Locura. No, Real España no bajó la presión. Ramiro Rocca tuvo la revancha. El que fue figura en los primeros minutos, el portero Marlon Licona, falló, los nervios lo traicionaron. En un tiro de esquina de Benavídez, salió y soltó la pelota, el rebote le quedó a Ramiro Rocca que de puntilla la mandó a guardar.

Devron García se encargó de abrir el marcador en la Gran Final.

COMPLEMENTO

Cuando la realeza estaba por buscar el empate, llegó una de las peores noticias. Se tironeó Jhow Benavídez, el jugador diferente que creó peligro constantemente.

De allí en adelante, el cuadro de Héctor Vargas se partió en dos y no fue el mismo del inicio del partido.

Los cambios cambiaron el funcionamiento. El partido se volvió trabajado, muy disputado con el trabajo de Héctor Castellanos que ingresó de cambio y se sumó al trabajo que estaba haciendo Jonathan Núñez y Juan Delgado.

Lamentable

Cuando el juego finalizó (2-0, 2-3 en el global ganó Motagua) la mega barra se saltó los portones de Sol Norte e ingresaron a la cancha con la intención de cruzar el terreno de juego y dirigirse hacia Sol Sur, donde se ubicaba la afición del Ciclón Azul.

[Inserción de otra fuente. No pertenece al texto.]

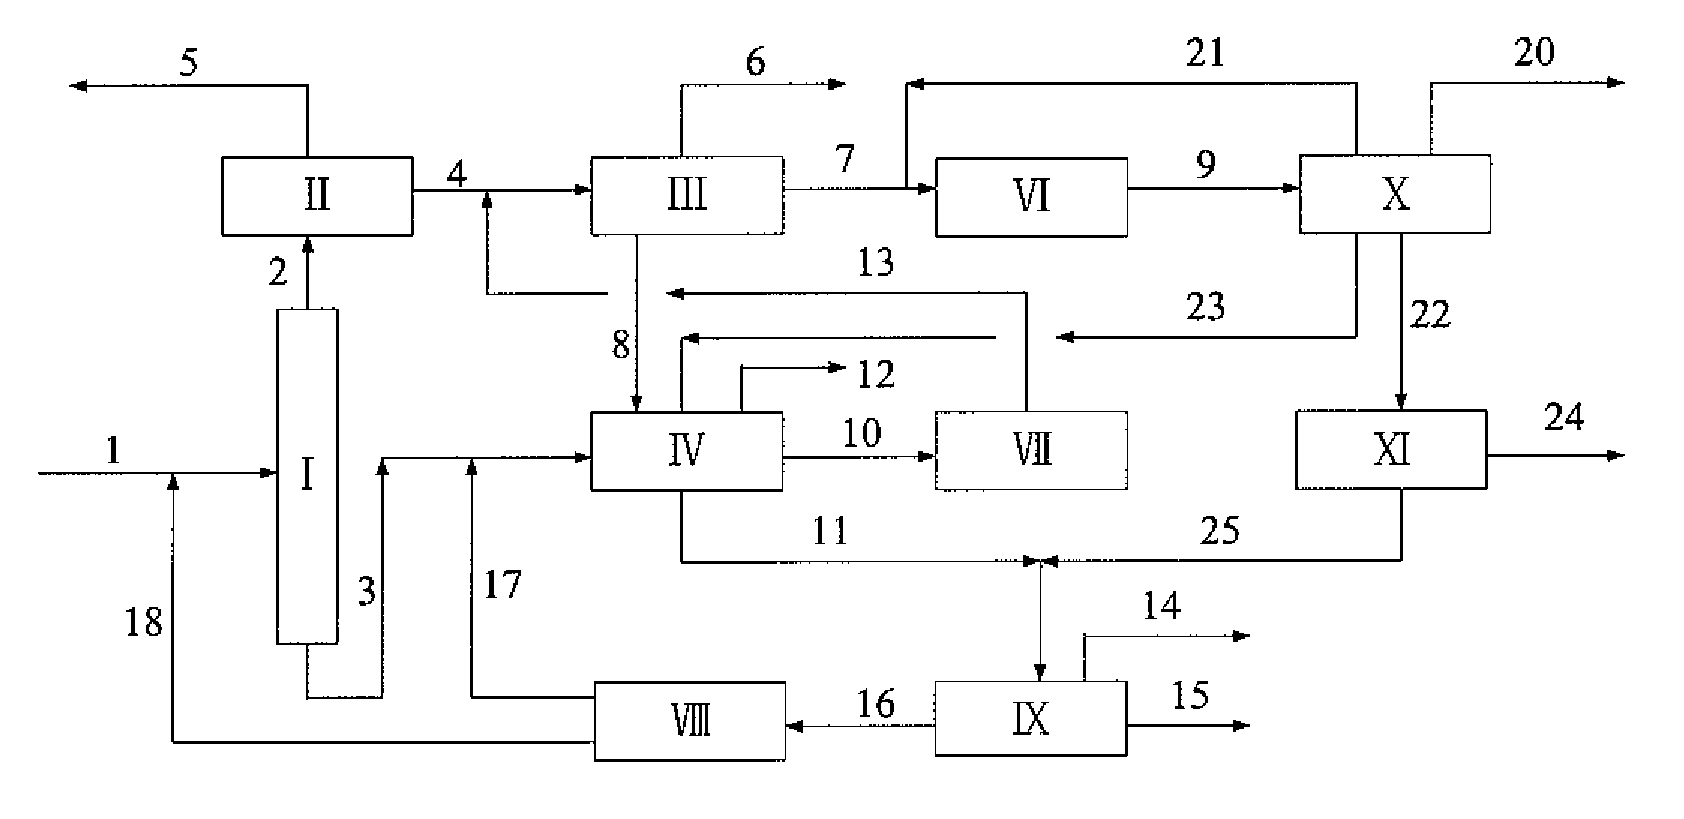 Integrated process for the production of P-xylene

Los aficionados lanzaron piedras, y demás artefactos a los hinchas visitantes, siendo esto imposible de ser prevenido por la Policía Nacional, que de nuevo, aún con múltiples simulacros y estrategias para evitar el vandalismo, fue incapaz de brindar seguridad a la afición y los jugadores en su hábitat natural.

Apenas gozó el club Motagua de un minuto de gloria en el césped cuando tuvieron que correr por su vida hacía la entrada de los camerinos.

Posteriormente, se escucharon cuatro disparos dentro del complejo, cuando a su vez los cientos de policías que finalmente aparecieron hicieron regresar a los inadaptados a la localidad de sol norte.

Unos aficionados del Real España ingresaron al estadio Olímpico y se vivieron minutos de terror tras el pitazo final.

Vuelve a reinar

El Motagua de esta manera ha vuelto a la cima. Los azules una vez más han alcanzado la gloria tras conseguir el título número 18 en toda su historia en la Liga Nacional de Honduras venciendo al Real España de Héctor Vargas.

Las águilas son el segundo equipo más ganador del fútbol hondureño, por detrás del Olimpia, que suma 34 en total.

La plantilla del Motagua en el momento que alzaban la Copa.